Java Simple Web Crawl

Source: Internet
Author: User

Background introduction

A brief introduction to TCP

1 TCP implements network midpoint-to-point transmission

2 transmissions are via ports and sockets

Ports provides different types of transports (for example, the port of HTTP is 80)

1) sockets can be tied to a specific port and provides transfer capability

2) A port can connect multiple sockets

Introduction to two URLs

A URL is a concise representation of where and how resources can be accessed from the Internet, and is the address of standard resources on the Internet.

Each file on the Internet has a unique URL that contains information that indicates the location of the file and how the browser should handle it.

In summary, we want to crawl the content of the Web page is essentially a URL to crawl the content of the page.

Java provides two methods:

One is to read the Web page directly from the URL

One is to read Web pages through URLConnection

The difference is that URLConnection is an HTTP-centric class that provides a lot of functions for connecting to HTTP

This article will give an example code based on URLConnection.

Let's take a look at the exception to the URL first. If you do not understand the Java exception mechanism, please see a blog post.

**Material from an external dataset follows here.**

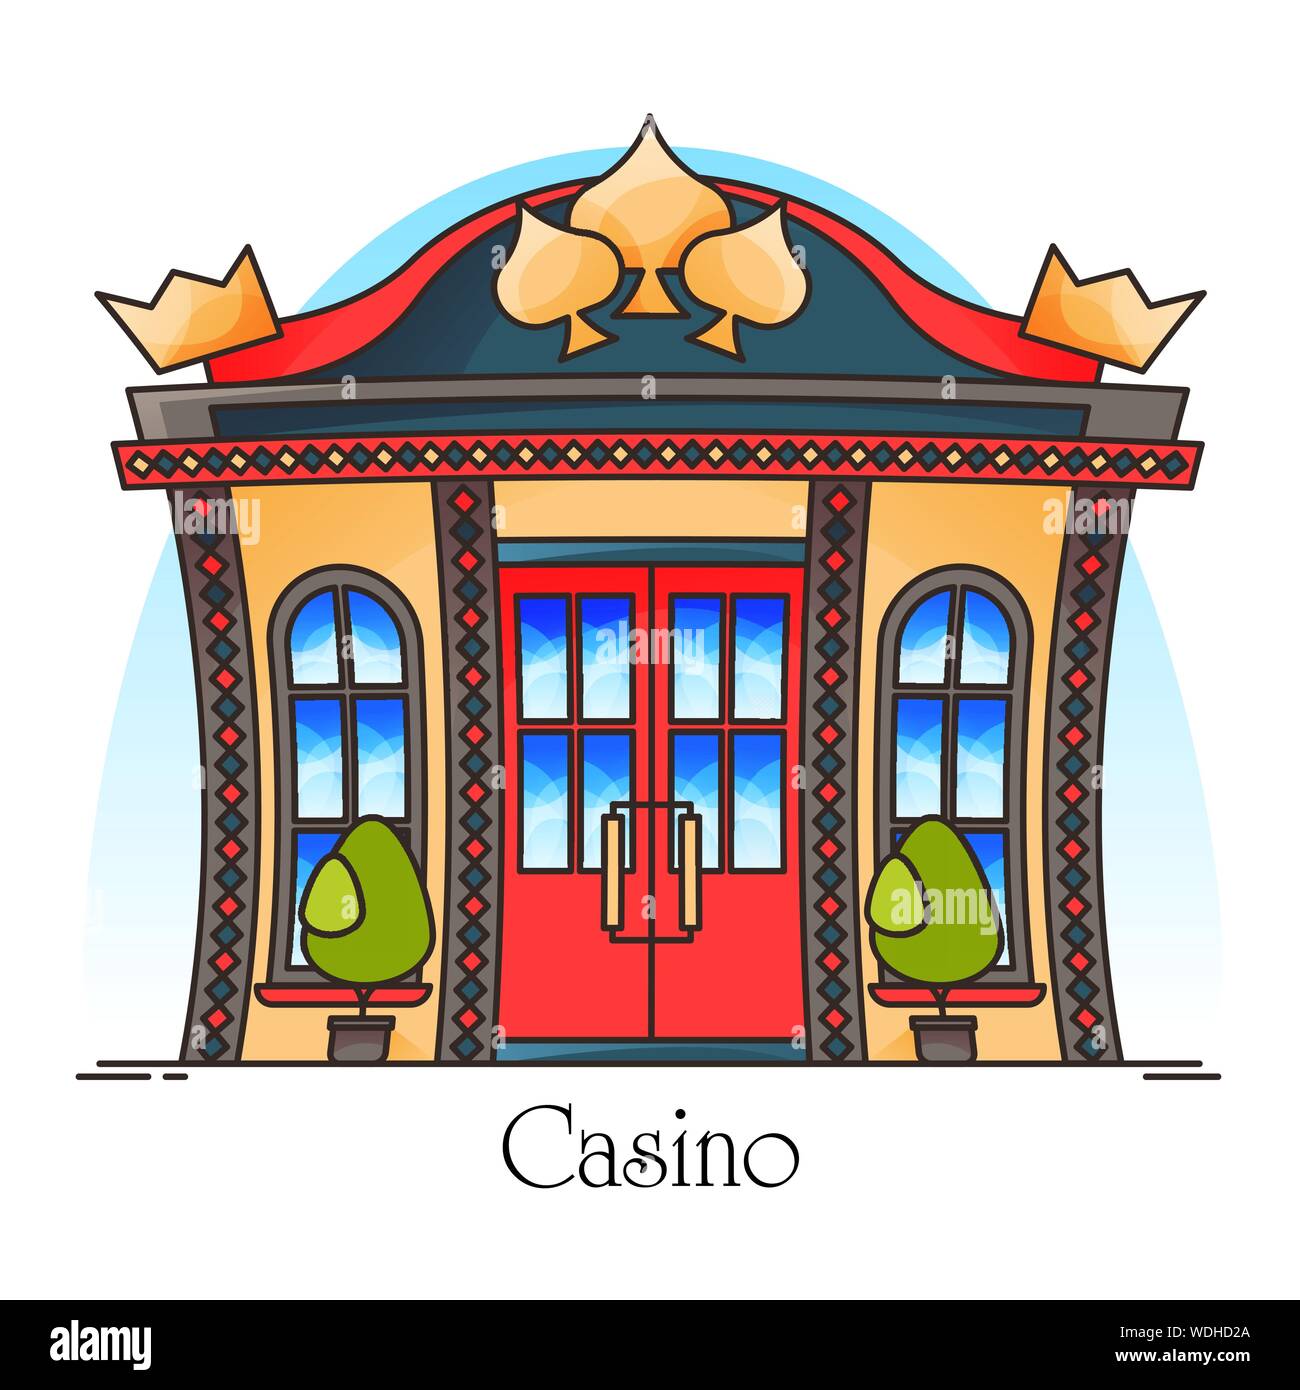 Casino building or gambling house entrance Stock Vector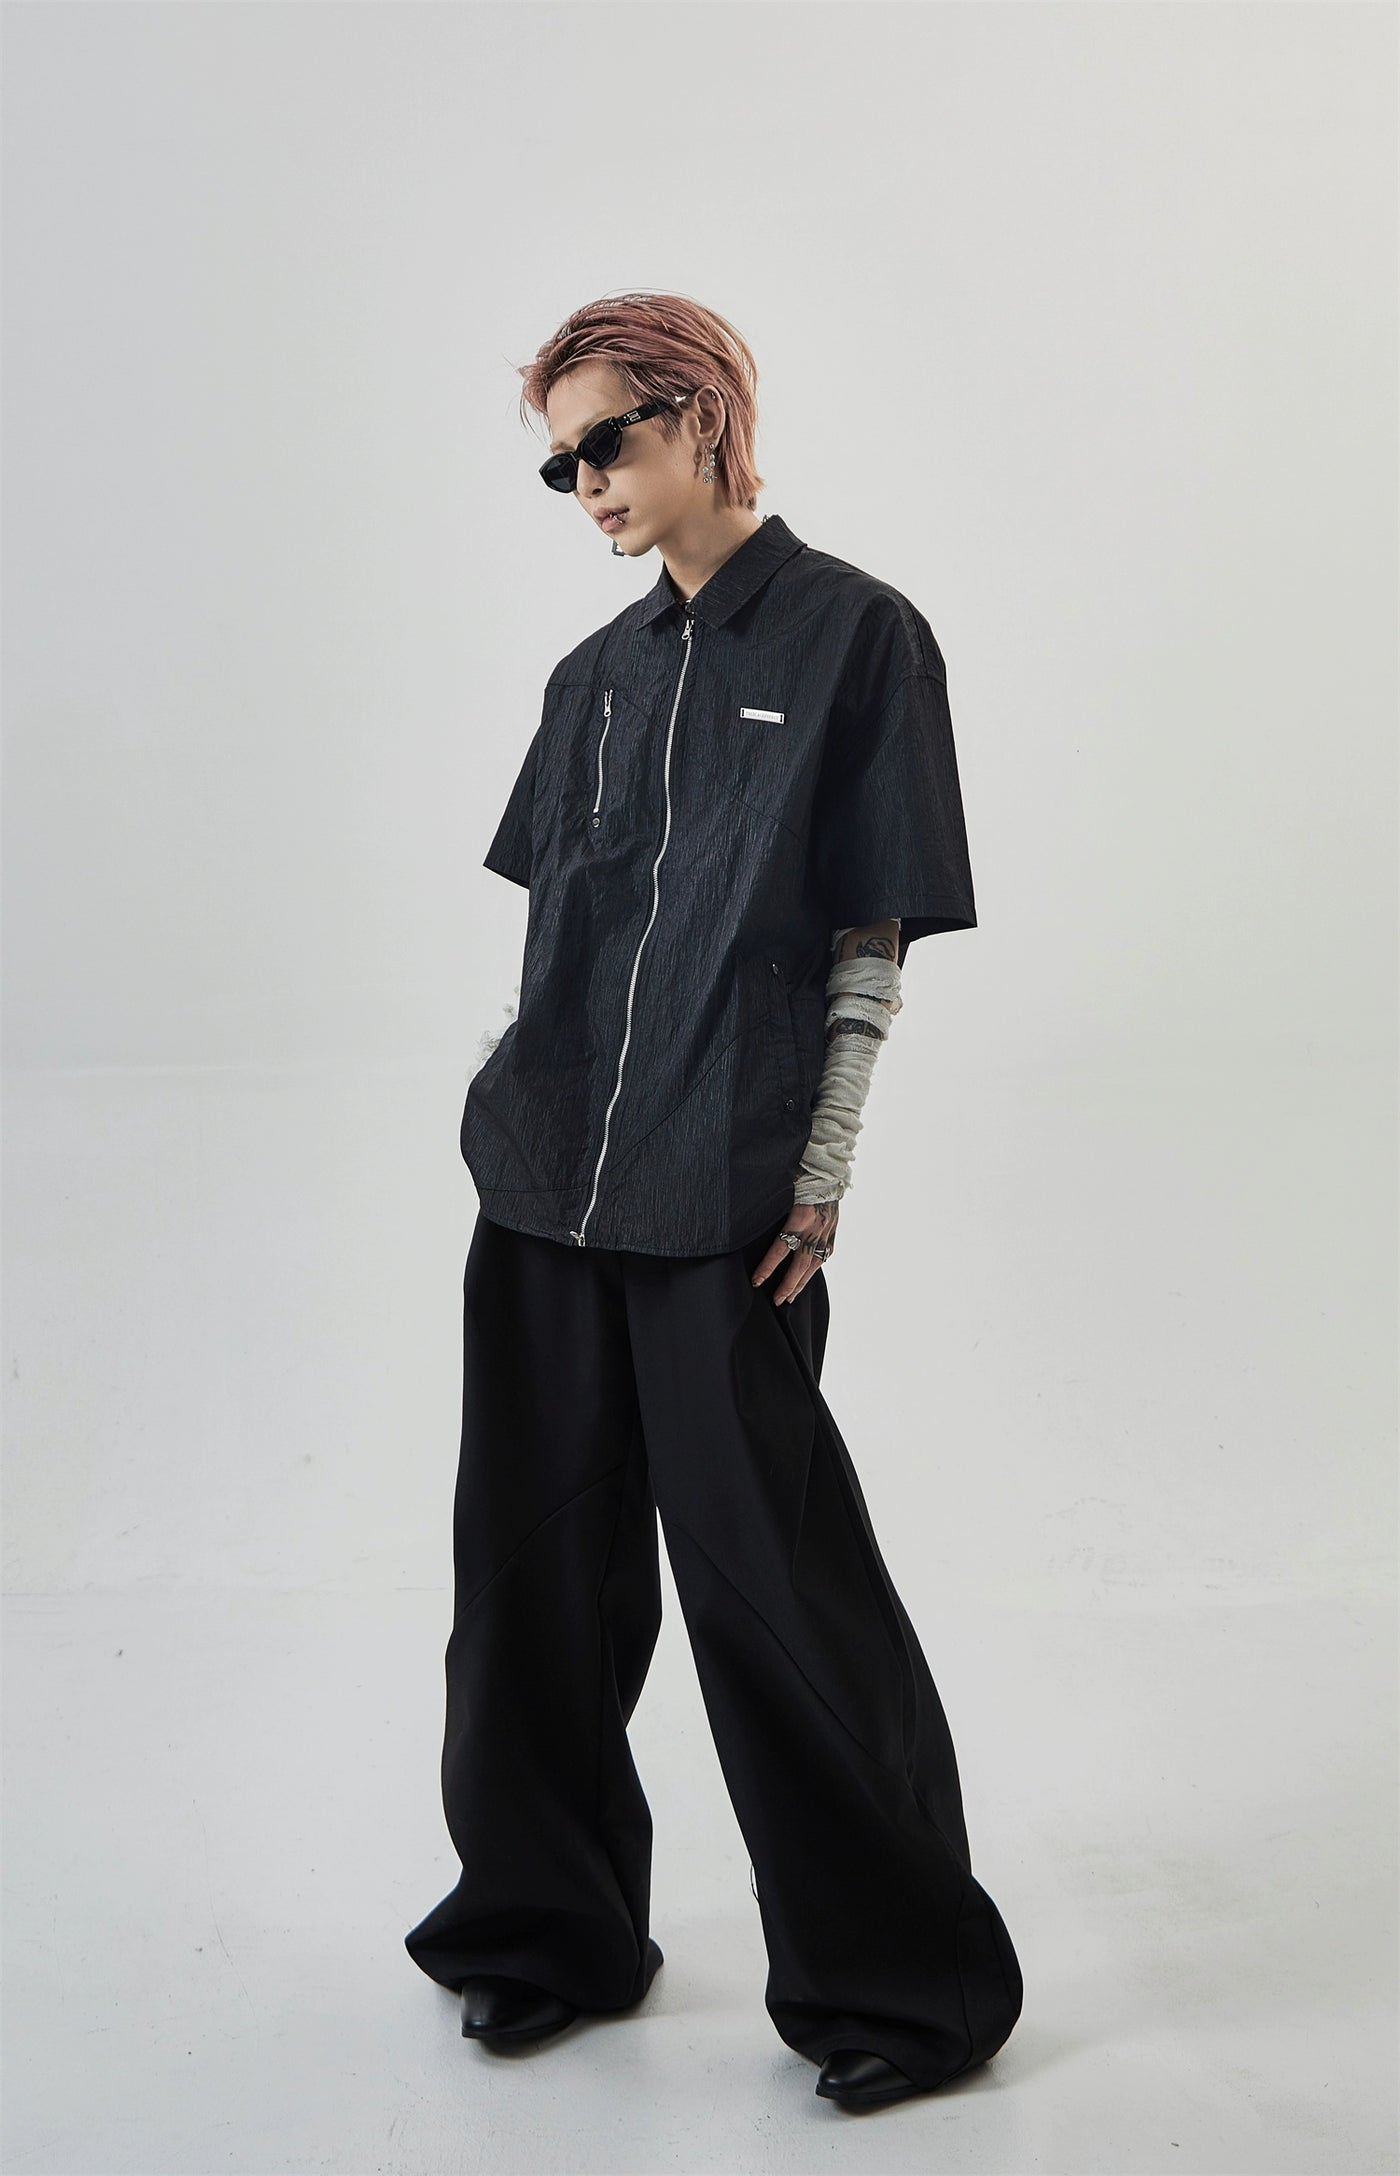 Textured and Zippered Shirt Korean Street Fashion Shirt By Ash Dark Shop Online at OH Vault

construct exception malformedurlexception for URL: the string for the URL is empty or an unrecognized protocol

Build URLConnection Exception ioexception:openconnection failed, note OpenConnection code is not connected remotely, just prepare for connection remote

The final code

ImportJava.io.BufferedReader;Importjava.io.IOException;ImportJava.io.InputStreamReader;Importjava.net.HttpURLConnection;Importjava.net.MalformedURLException;ImportJava.net.URL;Importjava.net.URLConnection; Public classSimplenetspider { Public Static voidMain (string[] args) {Try{URL u=NewURL ("http://docs.oracle.com/javase/tutorial/networking/urls/"); URLConnection Connection=u.openconnection (); HttpURLConnection Htcon=(httpurlconnection) connection; intCode =Htcon.getresponsecode (); if(Code = =HTTPURLCONNECTION.HTTP_OK) {System.out.println ("Find the website"); BufferedReader in=NewBufferedReader (NewInputStreamReader (Htcon.getinputstream ()));                String Inputline;  while((Inputline = In.readline ())! =NULL) System.out.println (inputline);            In.close (); }            Else{System.out.println ("Can not access the website"); }        }        Catch(malformedurlexception e) {System.out.println ("Wrong URL"); }        Catch(IOException e) {System.out.println ("Can Not Connect"); }    }}

Reference documents:

Http://docs.oracle.com/javase/tutorial/networking/urls/index.html

Java Simple Web Crawl

Contact Us

The content source of this page is from Internet, which doesn't represent Alibaba Cloud's opinion; products and services mentioned on that page don't have any relationship with Alibaba Cloud. If the content of the page makes you feel confusing, please write us an email, we will handle the problem within 5 days after receiving your email.

If you find any instances of plagiarism from the community, please send an email to: info-contact@alibabacloud.com and provide relevant evidence. A staff member will contact you within 5 working days.

A Free Trial That Lets You Build Big!

Start building with 50+ products and up to 12 months usage for Elastic Compute Service

  • Sales Support

    1 on 1 presale consultation

  • After-Sales Support

    24/7 Technical Support 6 Free Tickets per Quarter Faster Response

  • Alibaba Cloud offers highly flexible support services tailored to meet your exact needs.